Now, it’s hardly news to anyone that Noel Brown shouldn’t be punching people; what he did was inexcusable. Nor is it news that the fighting game community has issues with gender. Our issues with gender apparently make for excellent blog fodder (see Aris Bakhtanians being downright disrespectful to Miranda Pakozdi on stream during that stupid Cross Assault show as the instance that brought much of this to people’s attention); but in general, I think the games press overall has done a better job tackling gender issues over the last year. But this story was not handled well. And I believe the problem lies in how the story was executed, not what the story was about.
My main problem with the way Kotaku handled this story is best explained in two parts.
First: “But it’s newsworthy, and we report the news.”
“The fighting game community is a bunch of low-class misogynist assholes” has been a popular story for a while now, and it’s not fair. To be sure, we should be calling bullshit out everywhere, but the FGC gets a disproportionate amount of scrutiny.

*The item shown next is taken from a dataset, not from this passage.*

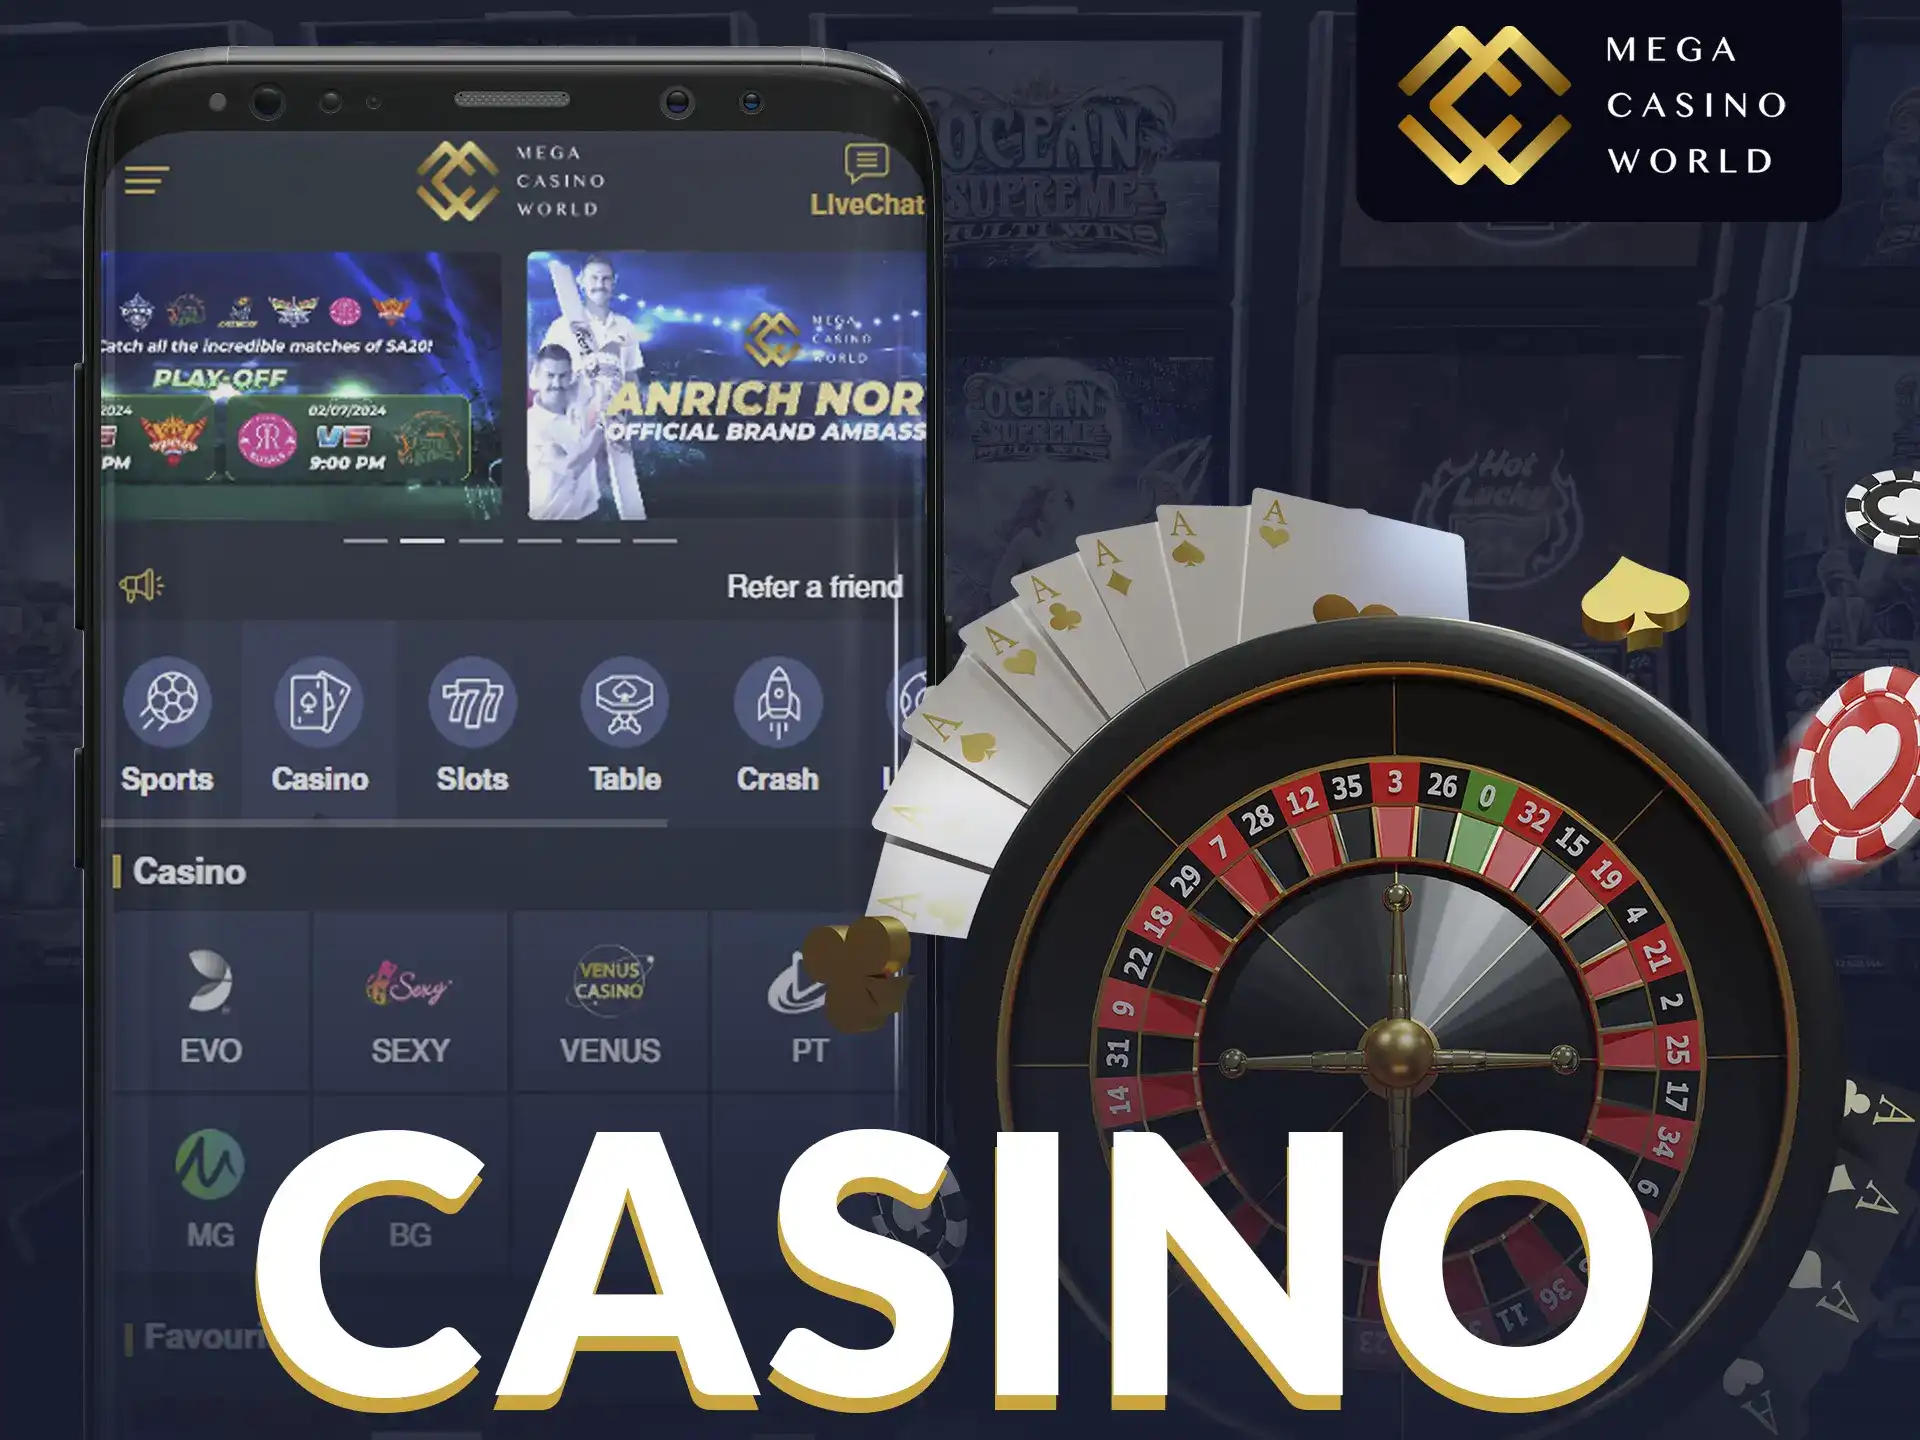 At Mega Casino World, you'll find thousands of interesting and exciting games for every taste.

For context’s sake, Noel Brown is more or less the fighting game community’s version of Steven “Destiny” Bonnell (SC2/LOL); he’s known for being an above-average player with a loud mouth and a short fuse. Destiny is, among other things, known for explaining the proper use of Banelings in Starcraft 2 by way of a very vivid rape analogy (trigger warning – also, no Kotaku story).
Here’s the deal: I'm tired of only getting in the mainstream game news for the bad stuff because there is so much more than just the bad stuff. You should know how it feels; think about each time you see video games show up in the evening news. To their credit, games news reporters are doing okay at reporting the outright acts of charity from the FGC (funding scholarships, for example; we’ll see if anyone picks up on saving a STL Tekken player’s house from foreclosure). In other words, if Noel is “newsworthy” but none of those other incidents mentioned about were, there is something seriously suspect with your newsworthiness-rubric.
Furthermore, if the only story that comes out of CEO 2013 was Noel Brown, you buried the lede. You could have written about the tournament itself, but instead you wrote about some dumb fuckup that happened after hours. And it’s a little disingenuous to say “we report on this just like newspapers report on athletes committing crimes” because at least those publications also cover the results of the damn game in the same paper. Think of it this way: If Noel Brown had won the tournament instead of popping off and getting arrested, no one would have written a damn thing about it.
And no, this is kind of work isn’t “shining light on gender issues”. If you’re writing about gender issues, you write like this; you write from the perspective of the victim, because that’s who matters most. Not like you’re writing a tabloid story for a gossip rag – because that’s not news, that's entertainment.
Second: It’s different because we’re mostly not-white and broke.
As I alluded to above, race and class are two areas that most games writers simply haven’t spent that much time dealing with, and they’re really bad at it. So open up that Privilege Knapsack, straight white male games writers, because we’re about to unpack a few more things.
In case you didn’t get it: This means that the first thing you need to do is keep an open mind and not get defensive, or else you’re gonna have a bad time. Nothing about this section is calling you a racist; it’s about learning how to deal with race and class without unintentionally hurting people.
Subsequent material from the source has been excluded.